Had 3 weeks of excessive workload due to others being absent & I've got the most flexible skills base (actually got thanked for my efforts). Got a bit low by Saturday gone, but cheered up because I was going out for the day with 2 of my best friends (one who has just found out he's getting divorced & the idea was to cheer him up - well I stopped him worrying so much if that counts).

Got to about 20:30 & I just switched off & they noticed immediately (don't know what the trigger was yet ...maybe just tired).

Anyway, they know that I was abused & one knew a bit more of the story than the other. They steered me towards a quiet pub & insisted that I needed to clear my head & tell them more of what had happened to me (they did this in a very encouraging way). It's something that I have wanted to do for the last few months. They let me take my time & I gave them the works.

I felt such relief as I hadn't even told my therapist the full details - I nearly created two murderers. They really want to help me to purge this stuff from my mind.

Sunday - I felt a bit shellshocked & had the weirdest dreams that night.

Now I am feeling strong again & 'clean for once'. I've tidied up & cleared the ironing pile (a miracle)- the height of my ironing pile is like a barometer of my state of mind.

One thing that I have decided to do is go back to the three places that I remember being abused & try to create some more positive memories there.

I am taking my inner child with me (he loved the magic of the countryside) & I'm going to plant Forget-Me-Nots at The Quarry, On the site of the Old Pig Farm and next to The Railway Water Pump. I am going to do it this weekend coming what I am doing is laying a living tribute to 12 year old me - I hope that when I think of those places in future, I can picture something beautiful growing in those hellish places, rather than remembering only negative thoughts.

Has anyone else tried anything like this & did it work?

If I sound downbeat in this posting I'm not...I'm very up. Sometimes I forget how far I have moved on in 5 months!

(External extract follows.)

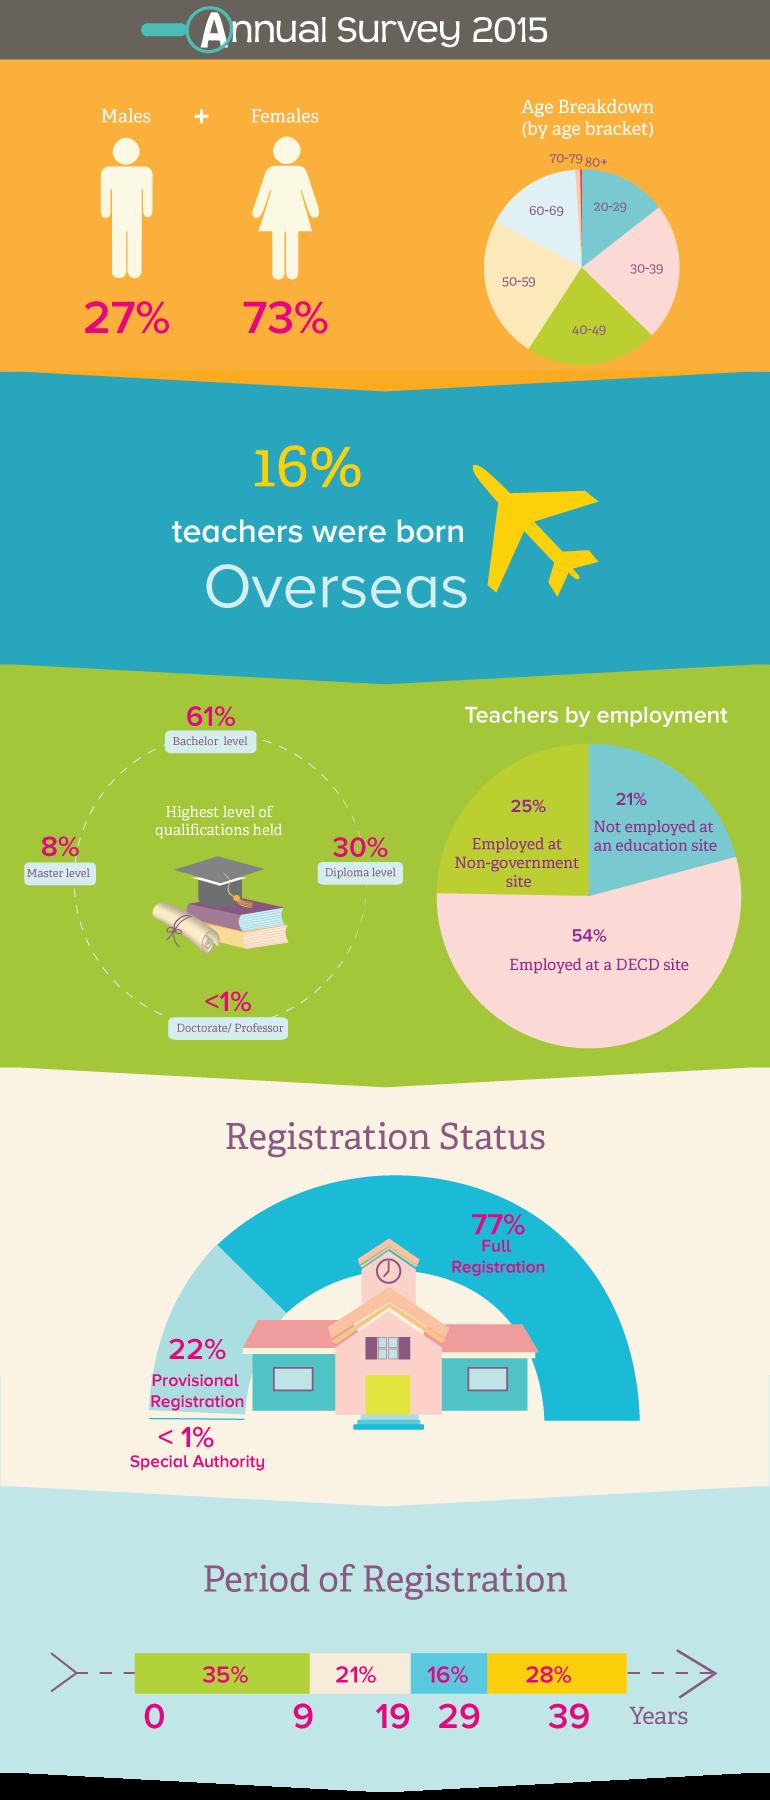 Annual Survey 2015 Infographic Teacher registration

Best wishes to everyone here...Rik

*If anyone has any additional ideas - like planting the flowers I'd be very pleased to hear them.
 
Rik,

First of all, about that kidney stone.....AYAHEEEEIIIIIIIIIII!!!!!!!!! I've never had one, but I've SEEN the end results and you have my eternal sympathy, particularly since you passed one the size of a SMALL PEANUT! THROUGH YOUR URETHRA! Now, according to my late mother, God rest her soul, you know what it's like to give birth! :eek: :D

Your idea about planting flowers for your 12 year old sounds wonderful and it's something I might do. Actually, I plan on visiting the old school where most of the horrible crap took place. They're renovated it, but it will be hard still. I NEED to recapture that place, maybe shake the legacy of evil there.

And maybe, I'll throw some wild violets on the grounds. I've always liked them. And they TAKE OVER A GREEN LIKE NOBODY'S BUSINESS! Worse than dandelions. My Little Man will LOVE that.

Thank you, Rik, seriously, for the boost and the ideas. You're one of the good ones.

Peace and love,

Scot
 
Rik I think that what you are doing is a truly great thing for the little you. I know it will be good for you.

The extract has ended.